One of my fondest memories as a child was the moments where I escaped into a reality of being just a kid. No one was telling me I could not do something...for in that reality anything was possible. I wrote before about the beautiful willow tree I played under as a child. I am fairly certain it was not as wonderful as I remember but to a 5 year old, it was magical. I remember my brother and I turning our beds into cars and we traveled all over. Normally we were trying to escape some danger, and of course we had to rescue our parents. To make it even more exciting we had cars that talked and ran themselves. I remember digging for treasure, mining for gold, and setting up Barbie and He-Man cities that would last for days. No one rushed us to grow up, or told us our ideas were silly. In fact my parents always encouraged us to use our imagination.
I guess sometimes I am sad at how fast we want our babies to grow up. We dress them up in grown up clothes right from the start. I am so old fashioned...I still like the pinafore dresses and big hair bows. Adult tv and music are thrown at them in stores and doctor offices. I have heard from so many parents.."But you do not want them to not know what reality is." or "You do not want to lie to your children." First off, my reality and others realities are drastically different I do believe. In my reality it is ok for a child to play at child games, and their parents to join in on that fun. Some of my best memories are of my mom playing pretend with me. Or of my dad telling his tall tales at the dinner table. Most would probably say I was sheltered as a child. And I am ok with that! Many "realities" escaped me, and some even found their way in a sheltered childhood. I do not think it is locking your kids up from the world, but teaching them how to fall at their Savior's feet when they can't cope anymore. For our family the only way we survive so called reality is to know who is in charge and let Him lead us.

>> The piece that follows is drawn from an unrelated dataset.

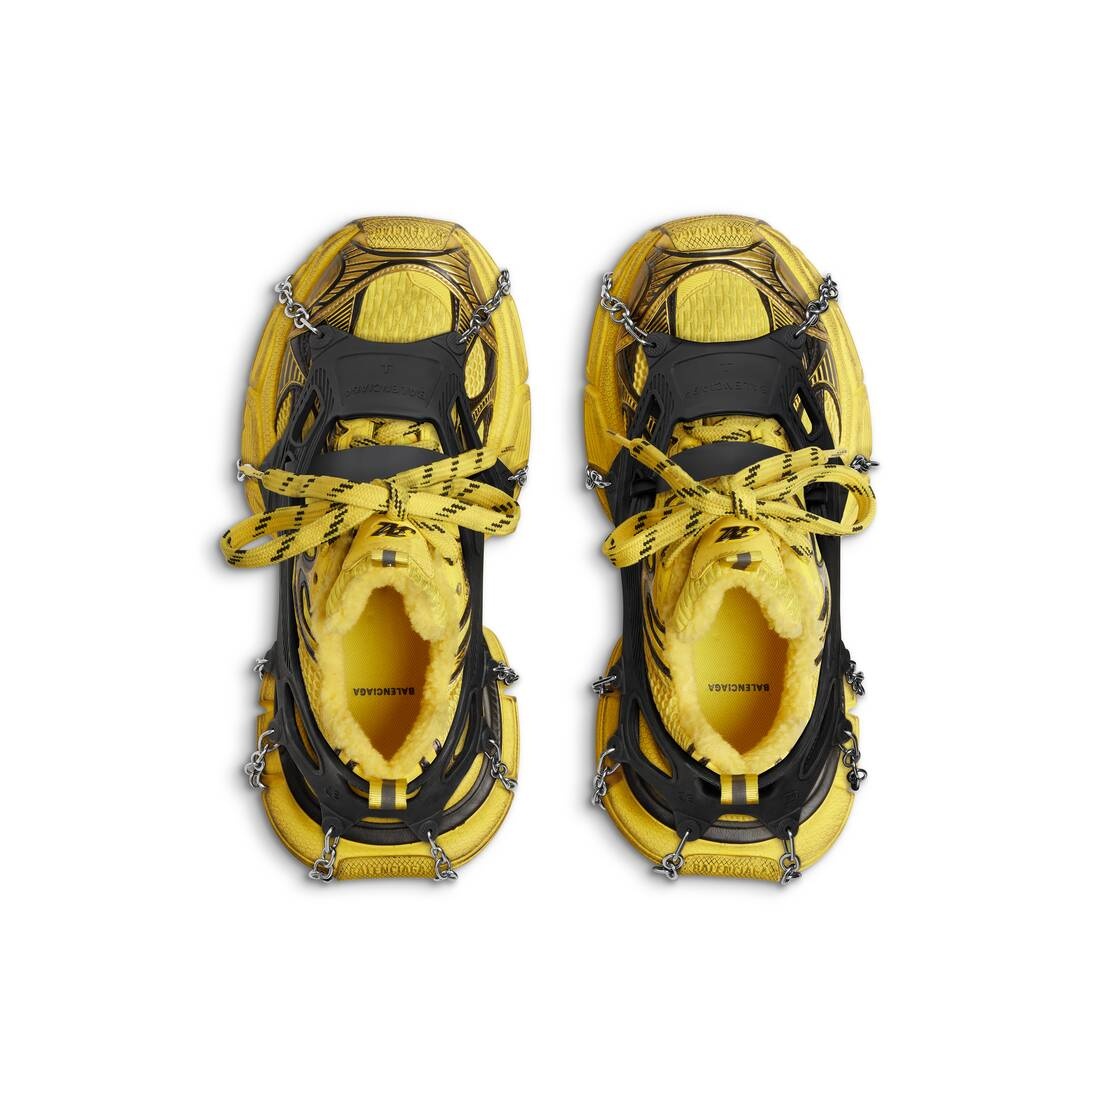 Men's Skiwear - 3xl Ski Sneaker in Yellow/black - 6
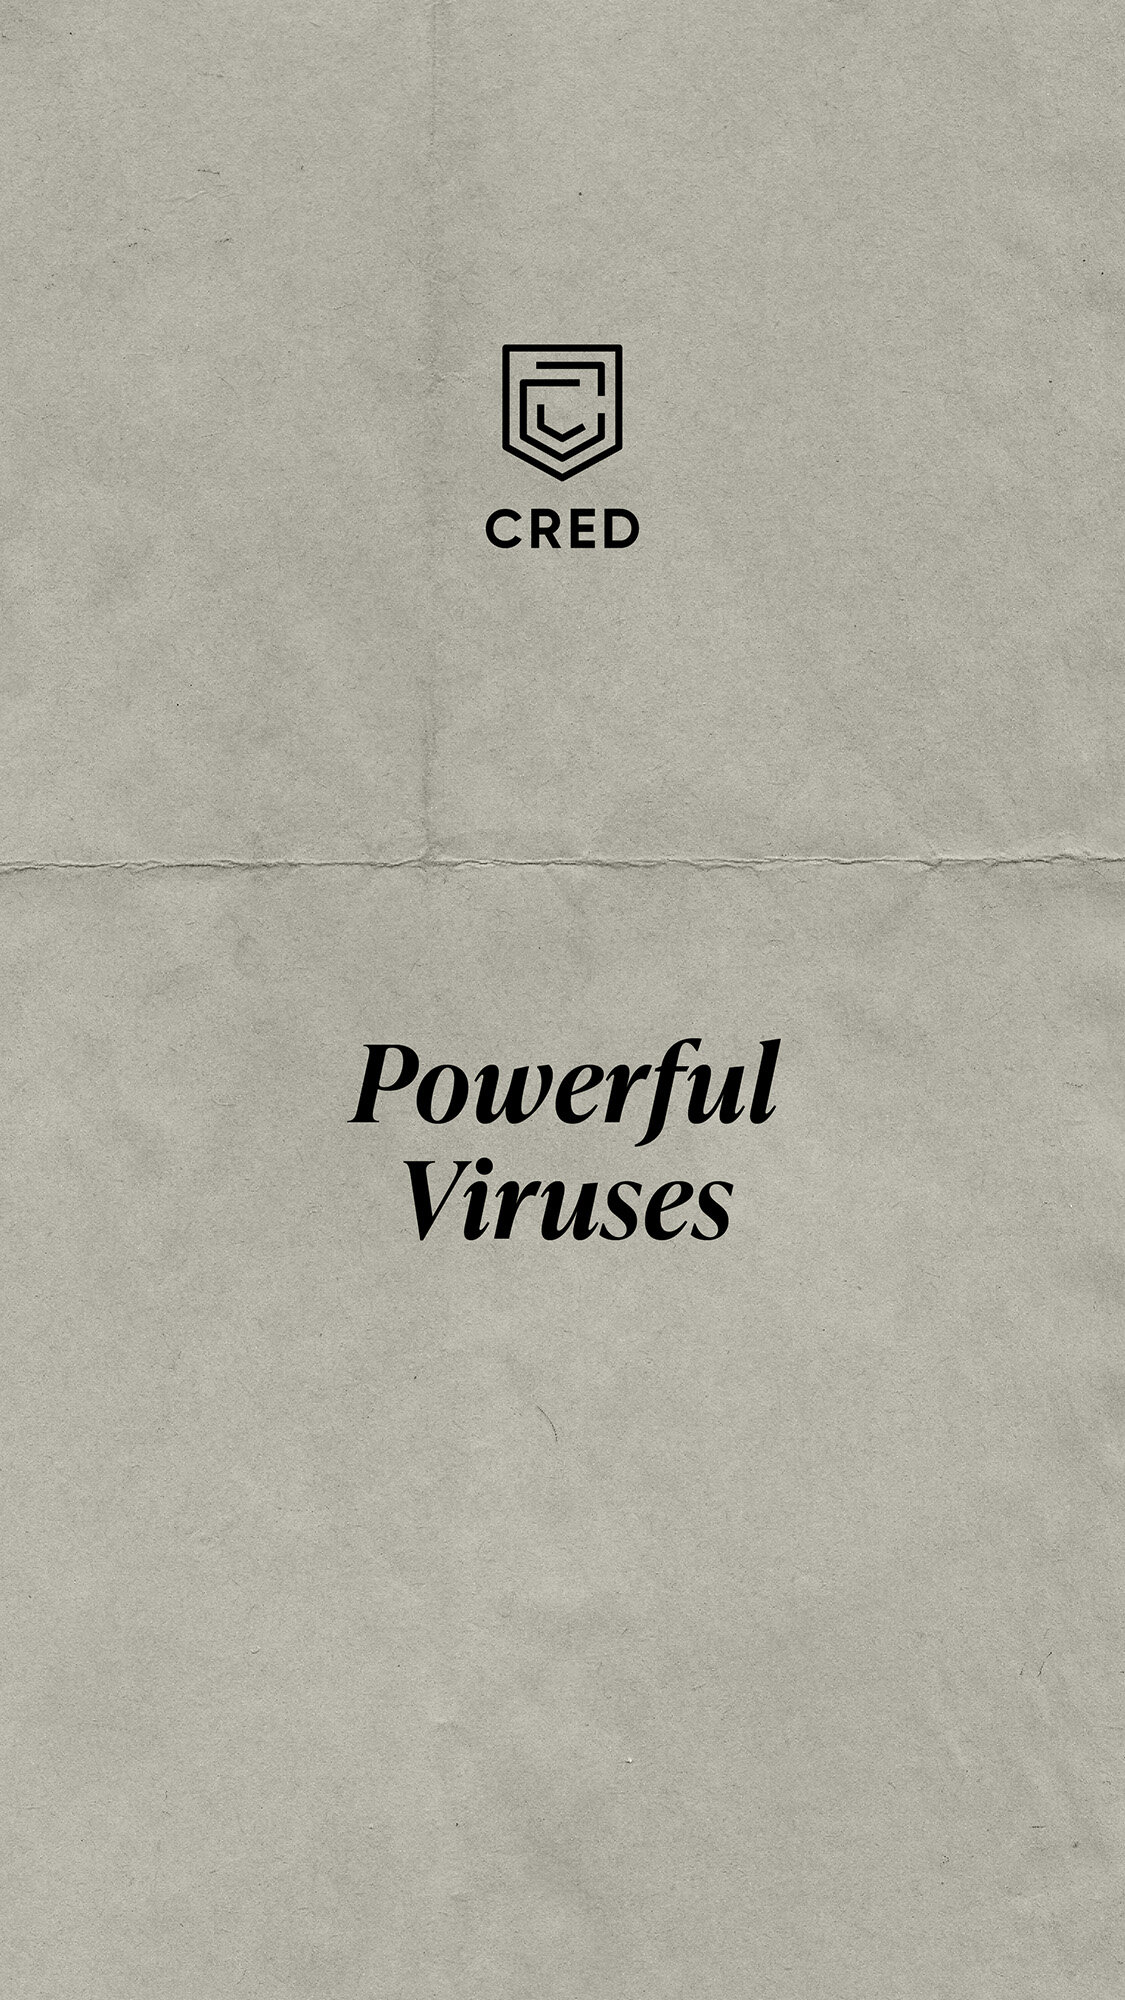 Copy of CRED_POWER_Story_Viruses-01.jpg

Later in the day, over a math paper, Brooke's wiggly tooth fell out. She smiled at me with a big gap in her top row. She was so proud and excited. I smiled as I listened to her excitement over the tooth fairy stopping by that night. I remembered my own excitement waiting on her to stop in my room. I was thankful my mama let me dream big and imagine even bigger. I was thankful for all those times when she let me escape reality to find a fun place to play. I was even more thankful for her and my dad instilling in me the necessity to trust in God and fall at His feet when true reality became too much. As I kissed my kids and tuck them in I pray every night for their future. Not that it will be rich and prosperous, but that it will serve their King. Not that they will back away from criticism and judgment, but that they would stand firm in who God created them to be! Even if it is in high heels, with wiggly teeth!